Aim of the exercise:
The lines to copy run from the one containing "Sabbir Rahman DT20" to the end of the listing. Please write them out exactly, minus the pictures.

*** Data shown Section Begins ***

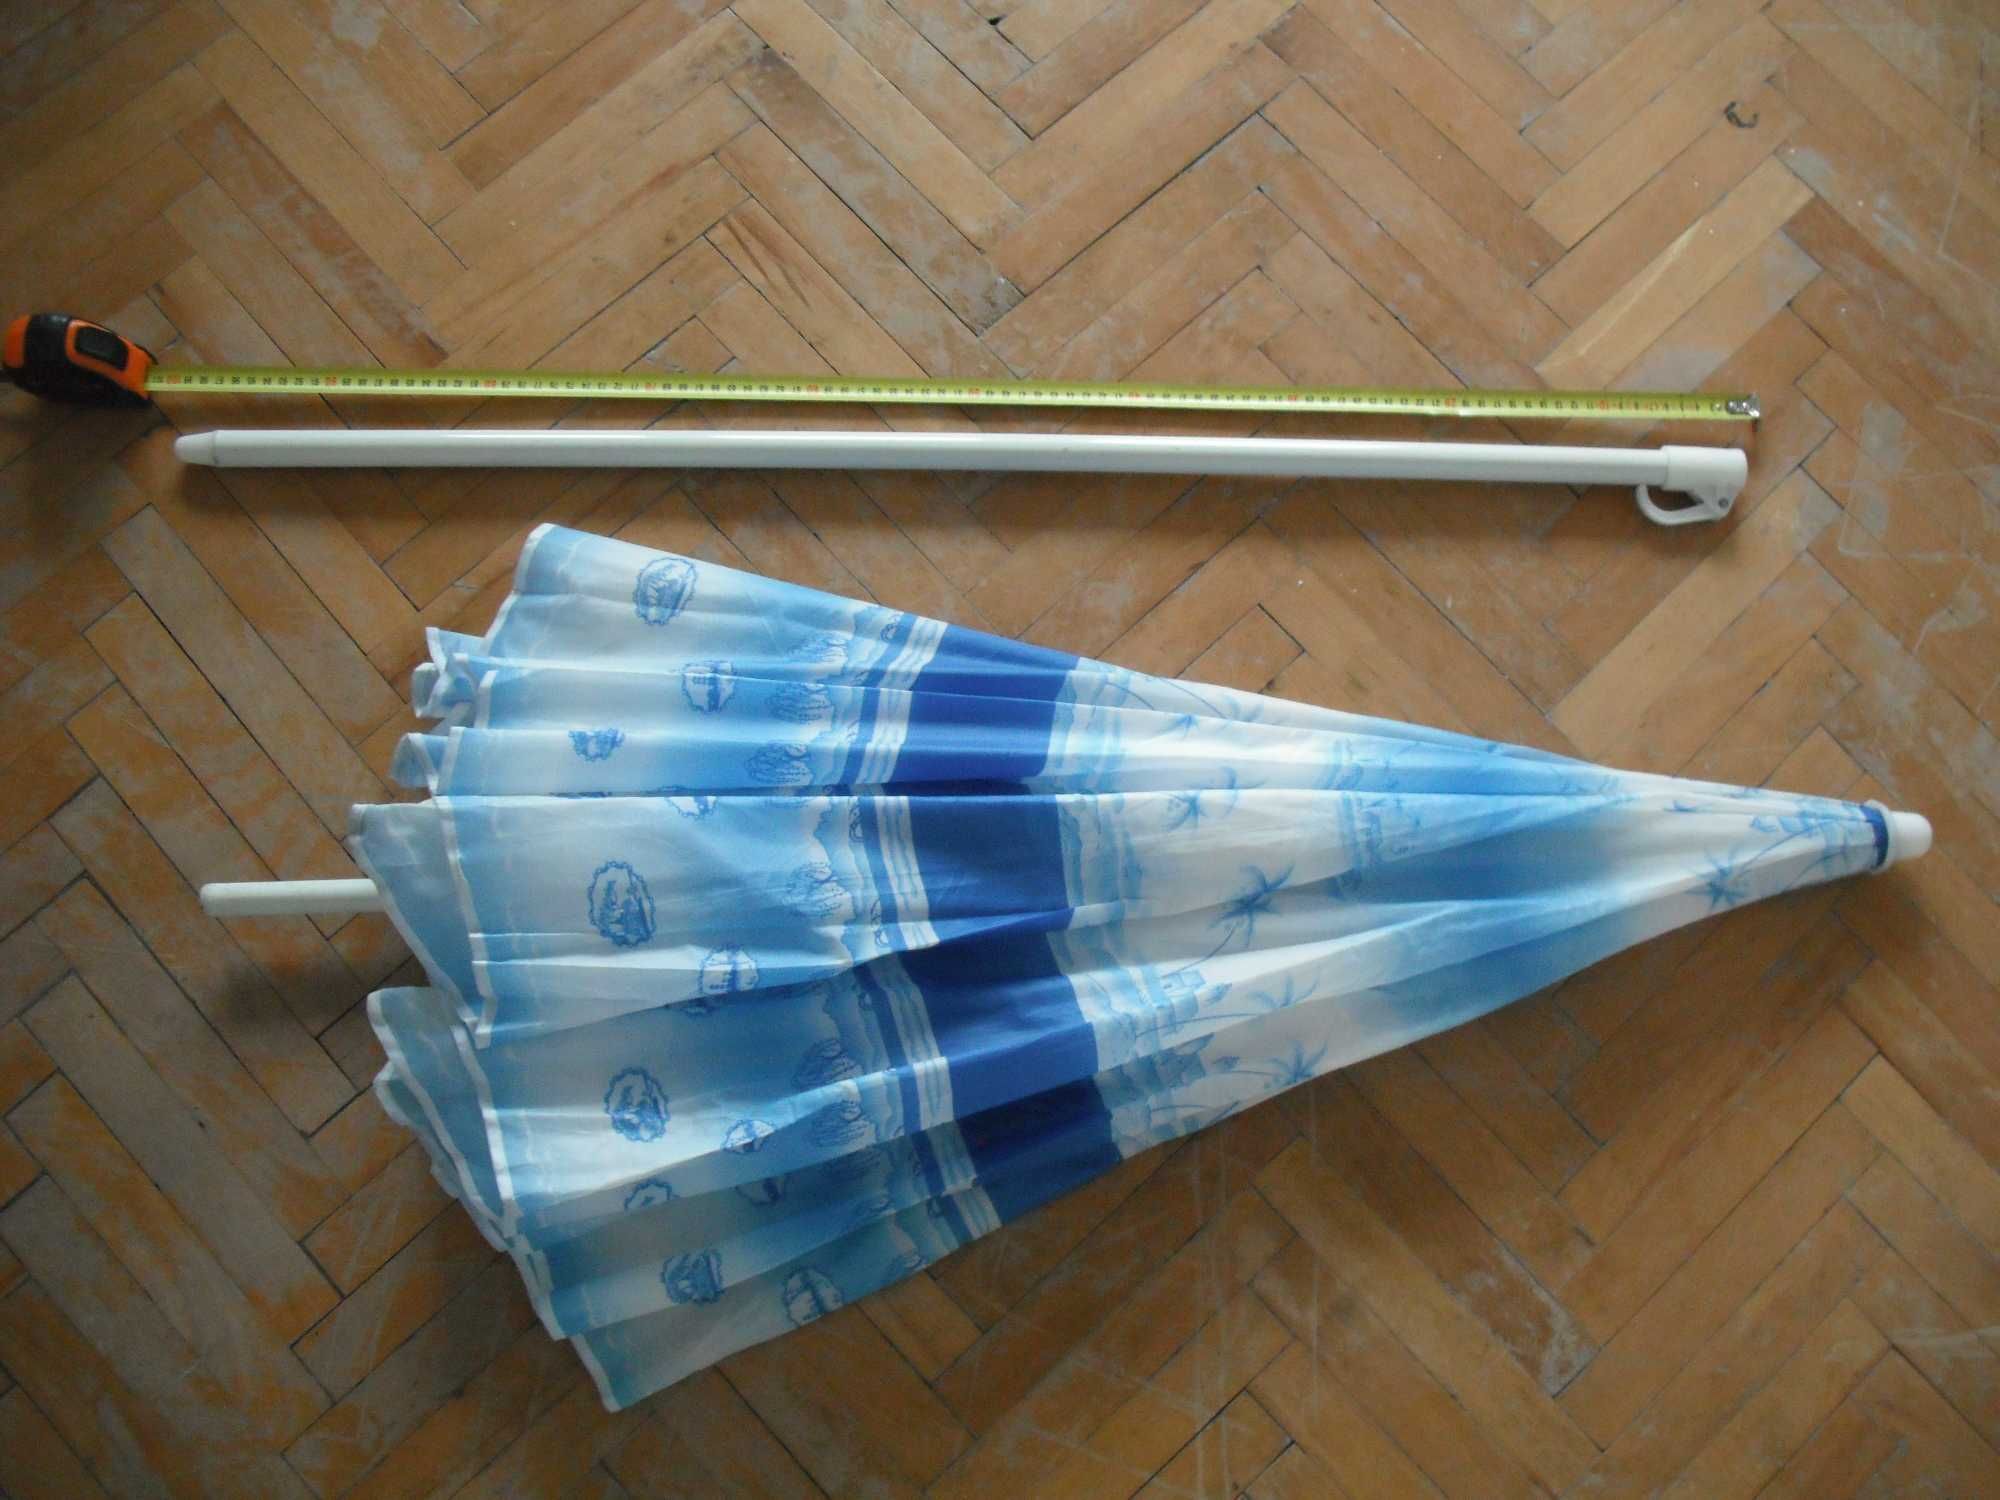 Umbrela soare / gradina / plaja / pescuit
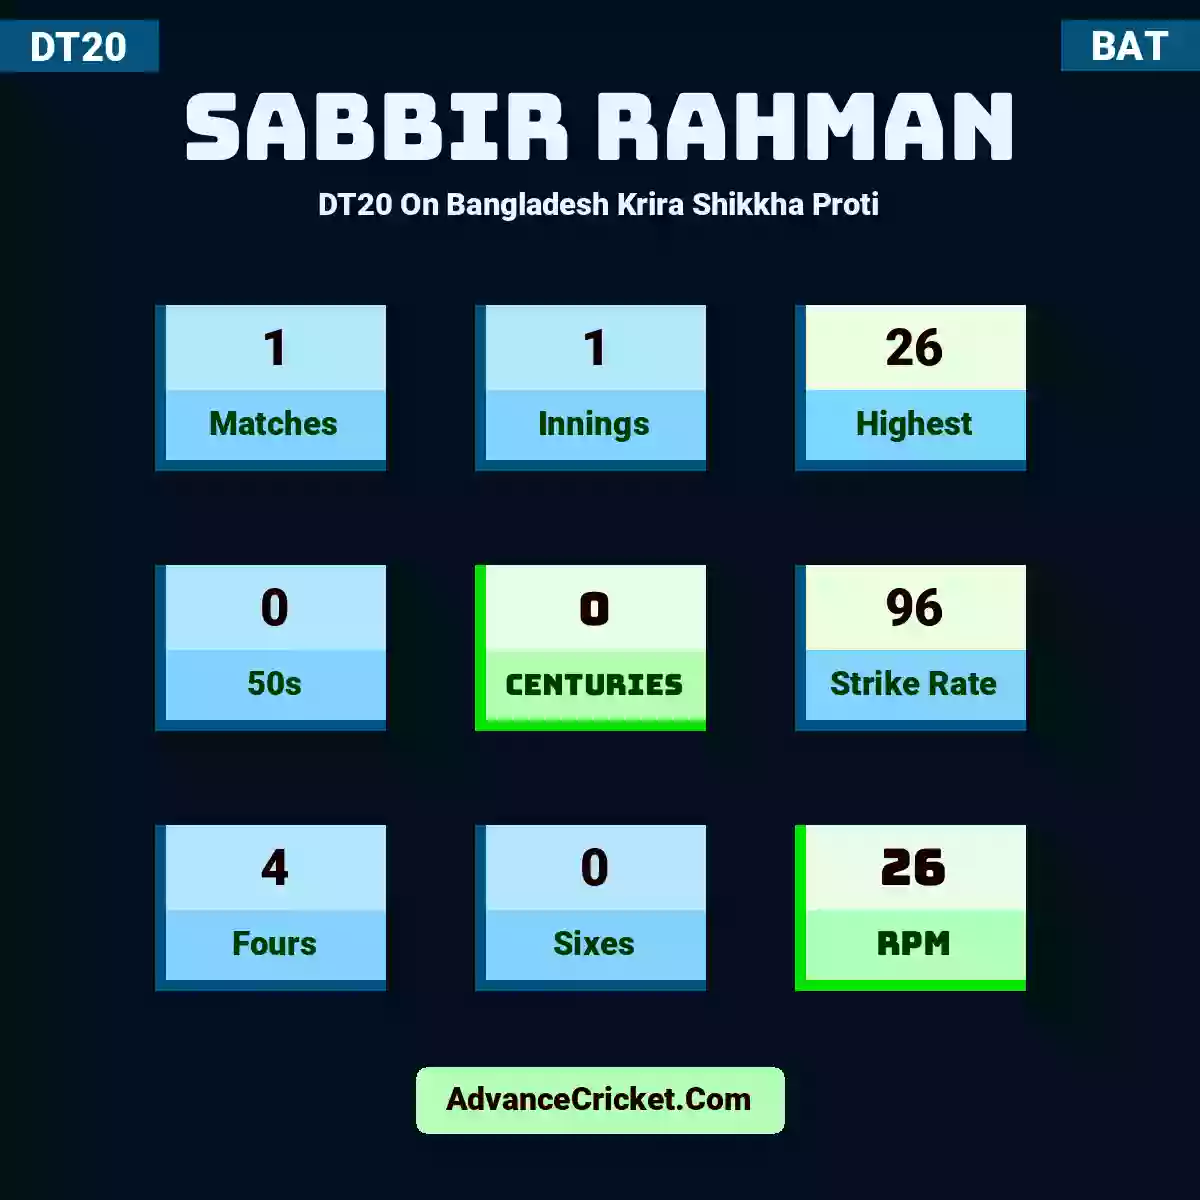 Sabbir Rahman DT20  On Bangladesh Krira Shikkha Proti, Sabbir Rahman played 1 matches, scored 90 runs as highest, 1 half-centuries, and 0 centuries, with a strike rate of 108. S.Rahman hit 6 fours and 3 sixes, with an RPM of 90.
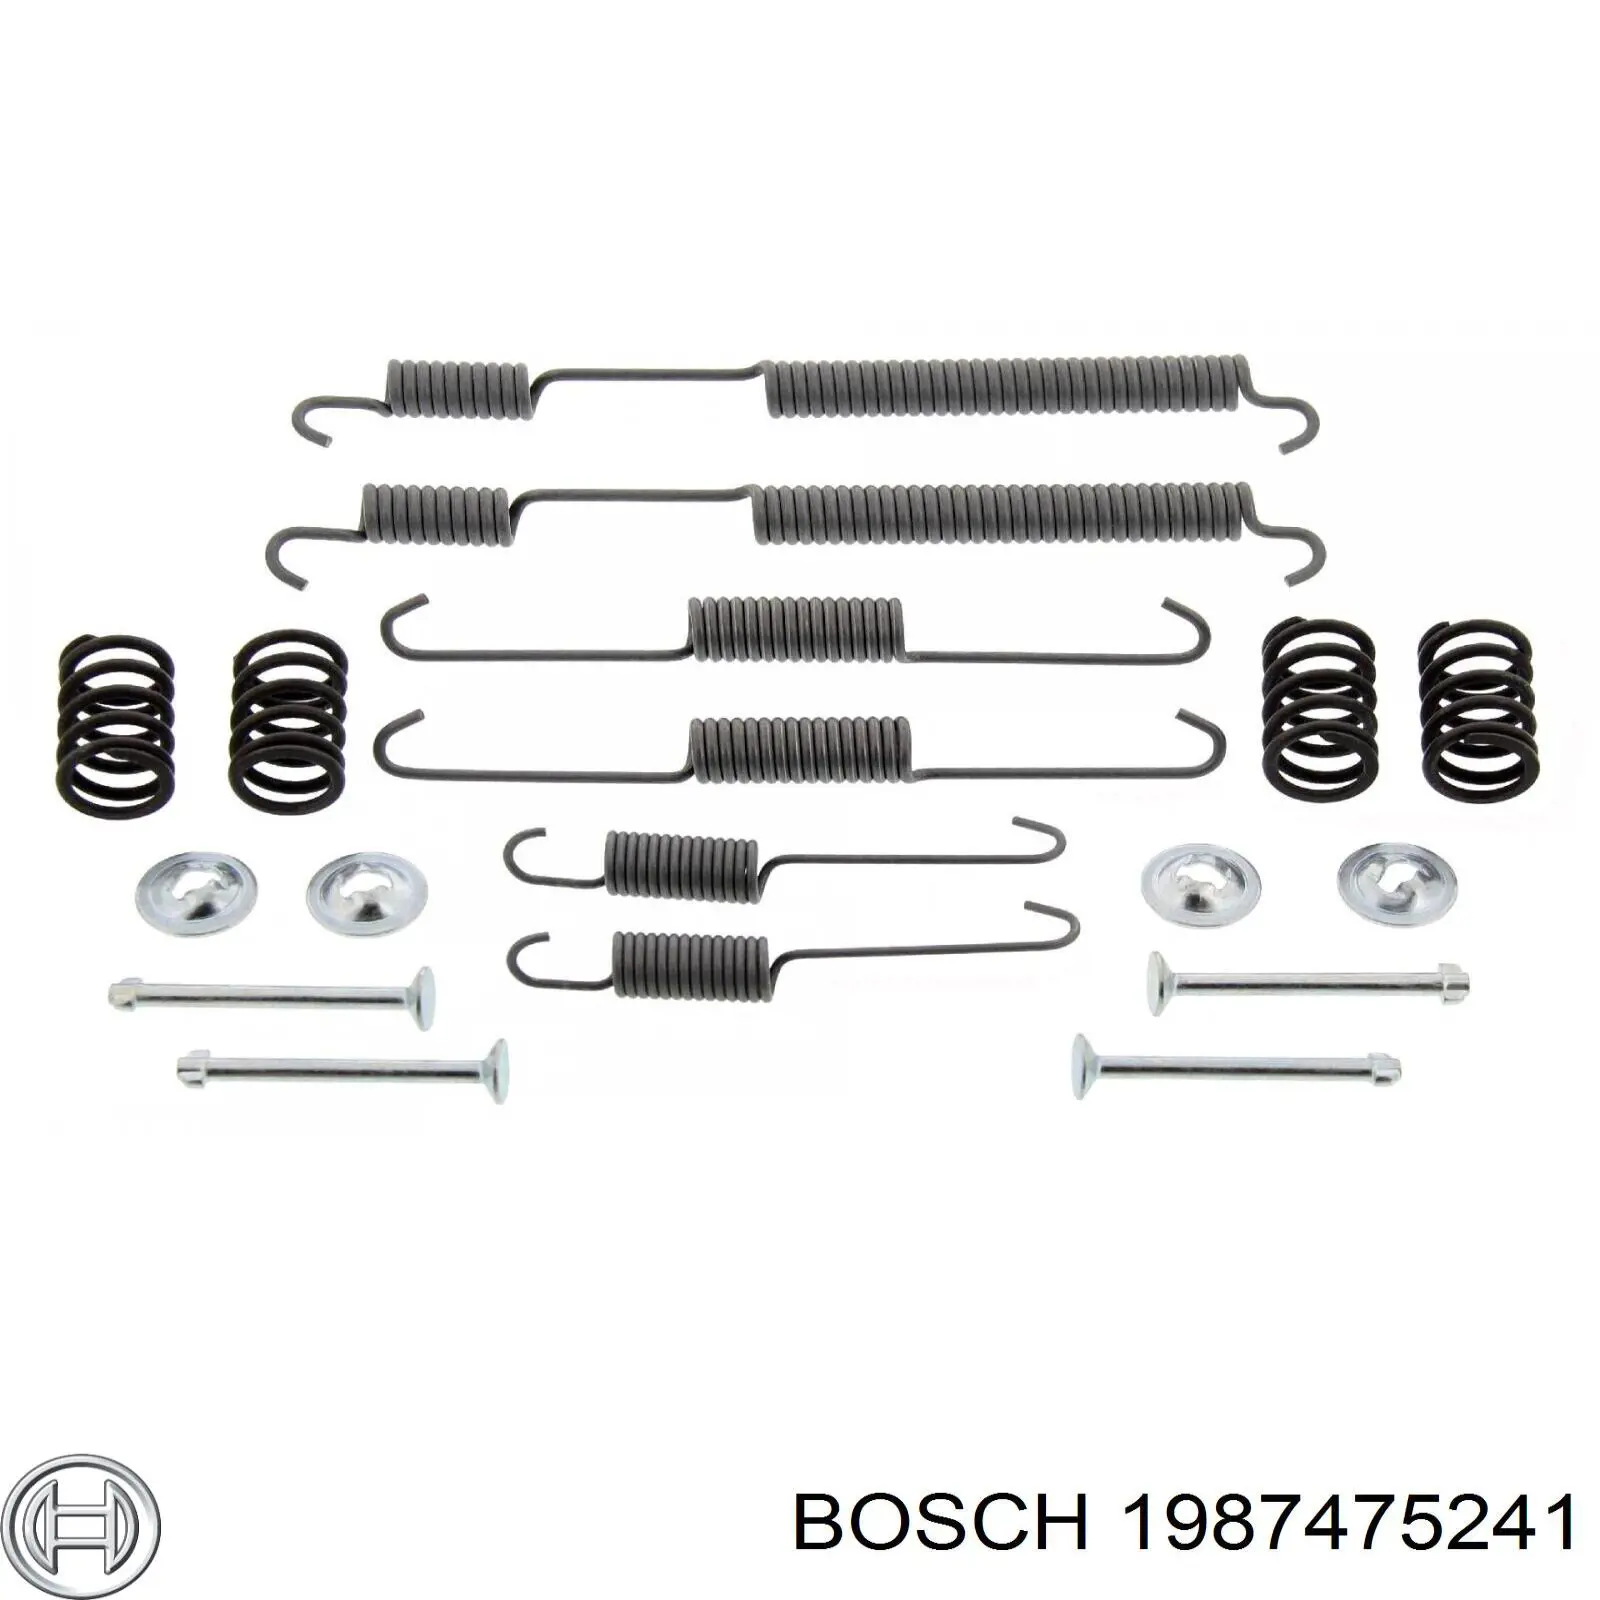 1987475241 Bosch kit de montaje, zapatas de freno traseras

*** Data shown Section Ends ***

Exercise result:
 Sabbir Rahman DT20  On Bangladesh Krira Shikkha Proti, Sabbir Rahman played 1 matches, scored 90 runs as highest, 1 half-centuries, and 0 centuries, with a strike rate of 108. S.Rahman hit 6 fours and 3 sixes, with an RPM of 90.
 1987475241 Bosch kit de montaje, zapatas de freno traseras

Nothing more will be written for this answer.